Well, how “grown up” are we in our understanding of love?  How would we write our “school composition on the topic what is love?  In answering those questions, let’s get the wrong answers out of the way; the worldly wrong answers.  Love is not physical lust.  Love is not emotional infatuation which is self-driven and won’t last.  Love is not sentimental feelings that ebb and flow like the ocean tides.  Love is not an “If you” condition.

 

The correct answers obviously come from the One who is love – God (1 John 4:16).  He is love not only defined but modeled.  Jesus told His disciples, to include us, these words – A new commandment I give to you, that you love one another: just as I have loved you, you also are to love one another. By this all people will know that you are my disciples, if you have love for one another (John 13:34-35).  The command to love and Christ modeling of that love are defined in today’s scripture.

 

As one works through 1 Corinthians 13 and love’s definition, there are two things to notice.  First, these are not feelings first.  They are attitudes manifested in actions. Now don’t think I am advocating an “emotionless” love.  Not at all, but first and foremost Biblical love starts with attitudes of the mind and heart which is always affirmed by actions.  Just look through the list and see this inseparable relationship. Take the first two for instance – patience and kindness. They start in the mind and heart followed by outward expressions or actions. So, when we say, “I love someone” don’t start with feelings.  Evaluate if our words of love are followed with deeds of love.

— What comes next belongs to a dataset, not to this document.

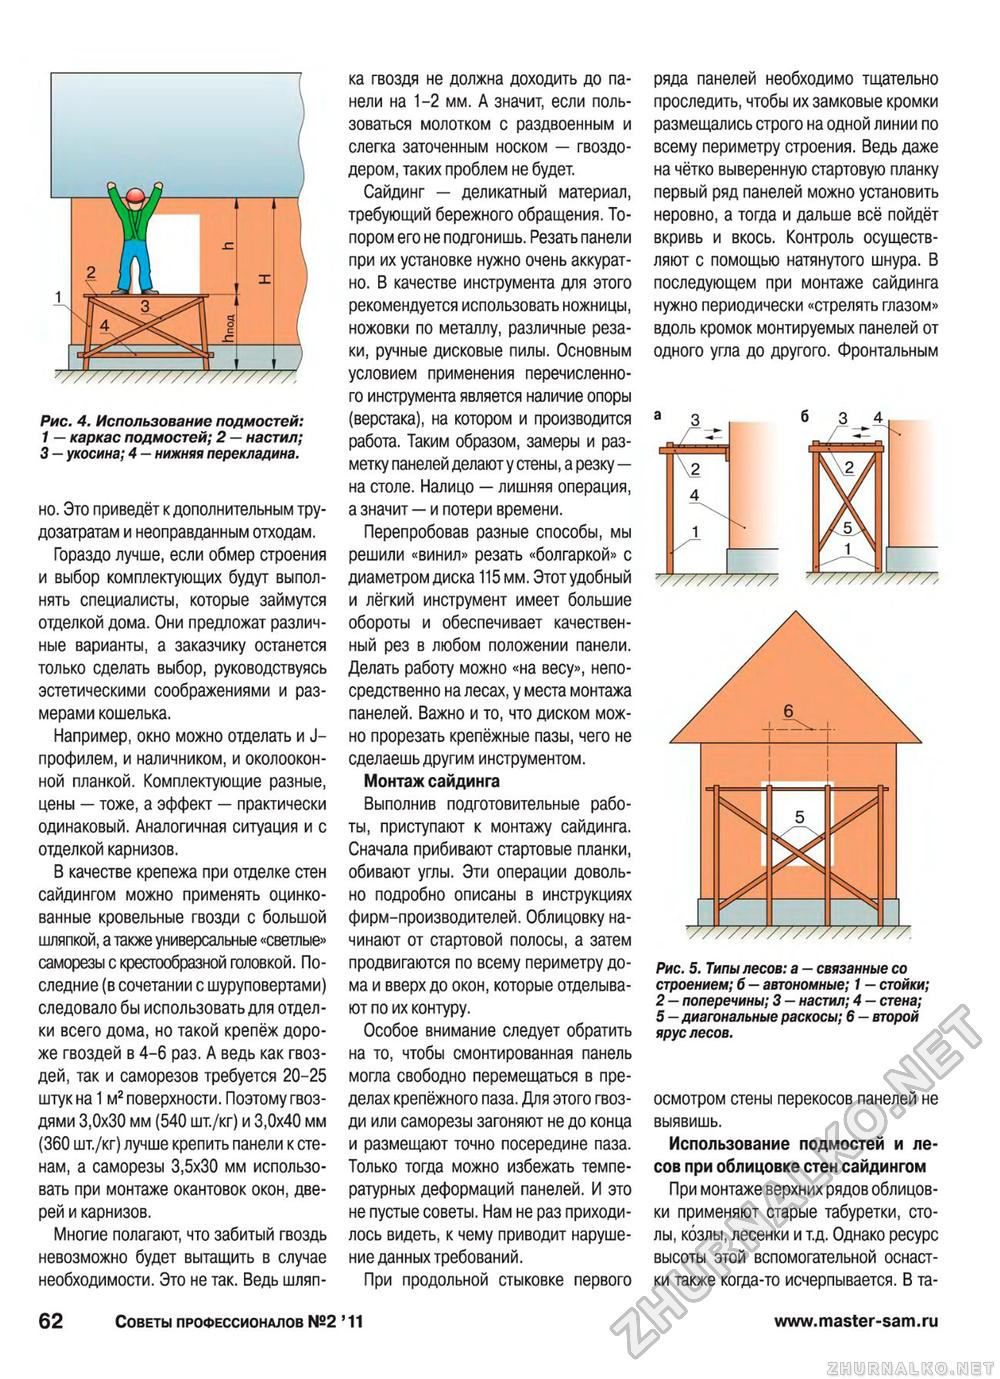 Советы профессионалов 2011-02, страница 62

Another thing about Biblical love, as defined by 1 Corinthians 13 and modeled by Jesus, is the direction it goes.  True love is never about ourselves or what we may gain from loving others.  True love gives and gives and keeps on giving with never a thought of personal gain or “What is in it for me?” as it is lived out.

 

So, time to turn in our compositions on “What is love?”  Will it indicate we have “grown up” to grasp what the Lord says is love?  But more importantly, will it indicate we are living this type of love as the Lord modeled and models to us?  After all, that is the chief indicator we are His people.

 

PRAYER: “Father, teach me to know and then practice love as defined by you not my understanding or the world.”

 

QUOTE: “Christ’s love is what truly defines love and we, as His people, are to demonstrate it to all people, all the time.”